In contrast, Chipotle appointed industry veteran and insider Scott Boatwright to lead the Mexican restaurant brand in November.
Nike
Elliott Hill, a seasoned businessman who began his career at Nike as an intern in the 1980s, took over as CEO of the shoemaker in September, replacing John Donahoein.
Since taking over, Donahue has helped Nike increase revenues from $39.1 billion in fiscal 2019 to $51.4 billion in fiscal 2024. However, growth eventually stalled as he lost sight of innovation and moved away from wholesale partners like Foot Locker and Macy’s.
Peloton
The home fitness equipment company, which was a pandemic darling, had been having trouble ever since demands to return to work began to come in.
Peloton hired former Spotify and Netflix executive Barry McCarthy in 2022 to succeed founder John Foley, but he resigned in May following the company’s announcement of yet another reorganization.

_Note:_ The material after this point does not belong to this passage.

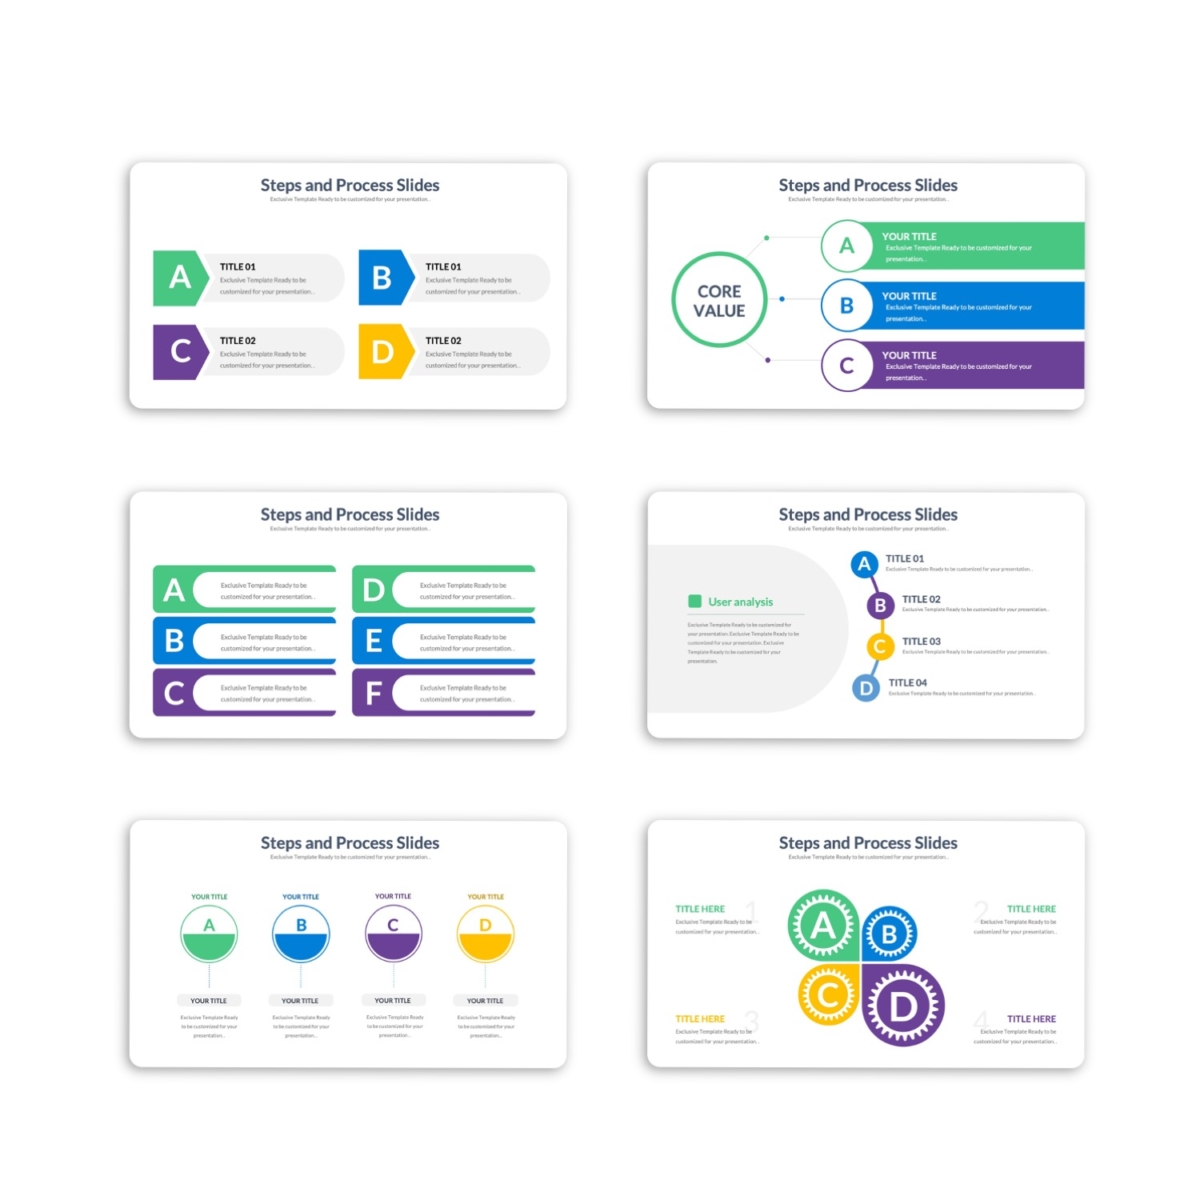 Steps and Process Slides Template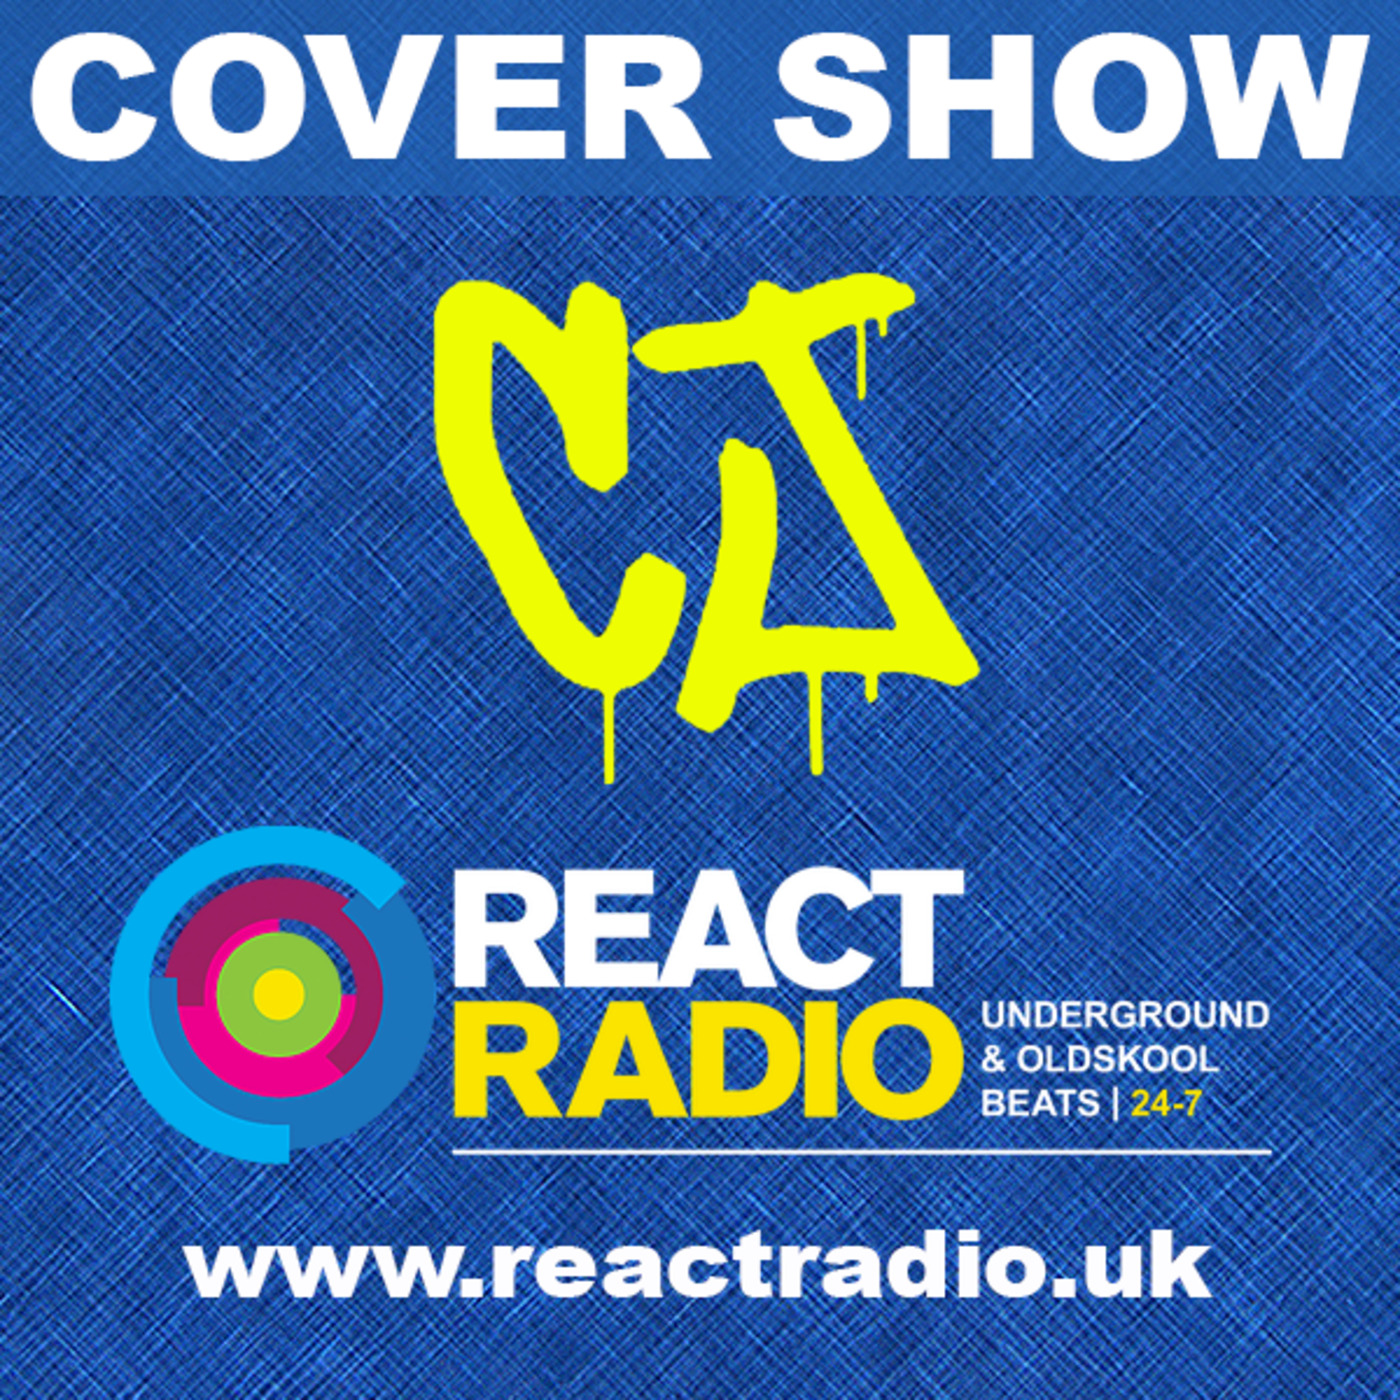 CJ Huckerby - The After Friday Night Live Show - React Radio 09/09/16 (OLD SKOOL DANCE)

Peter Stern, a former Ford executive and co-founder of AppleFitness+, was named Peloton’s third CEO in October. Wall Street is optimistic that Stern, who has experience expanding subscription-based services, will turn Peloton around by reducing expenses and concentrating on its lucrative subscription income.
Kohl’s
Late last month, the off-mall department retailer Kohl’s announced that its CEO, Tom Kingsbury, would be leaving on January 15. Ashley Buchanan from Michaels, a craft store, will take over as Kohl’s CEO.
In each of the last 11 quarters, Kohl’s comparable store sales—a crucial indicator for retailers—have decreased, and the company’s stock price has also fallen.
WW International
Sima Sistani, the CEO of the weight loss company that was once known as Weight Watchers, said in September that he would be leaving the position immediately.
Shares of WW International have dropped more than 80% this year due to the company’s difficulties. Under Sistani’s leadership, it made an effort to refocus and add a platform that connects users with well-known weight-loss medications.
This report was contributed to by Gabrielle Fonrouge and Amelia Lucas of CNBC.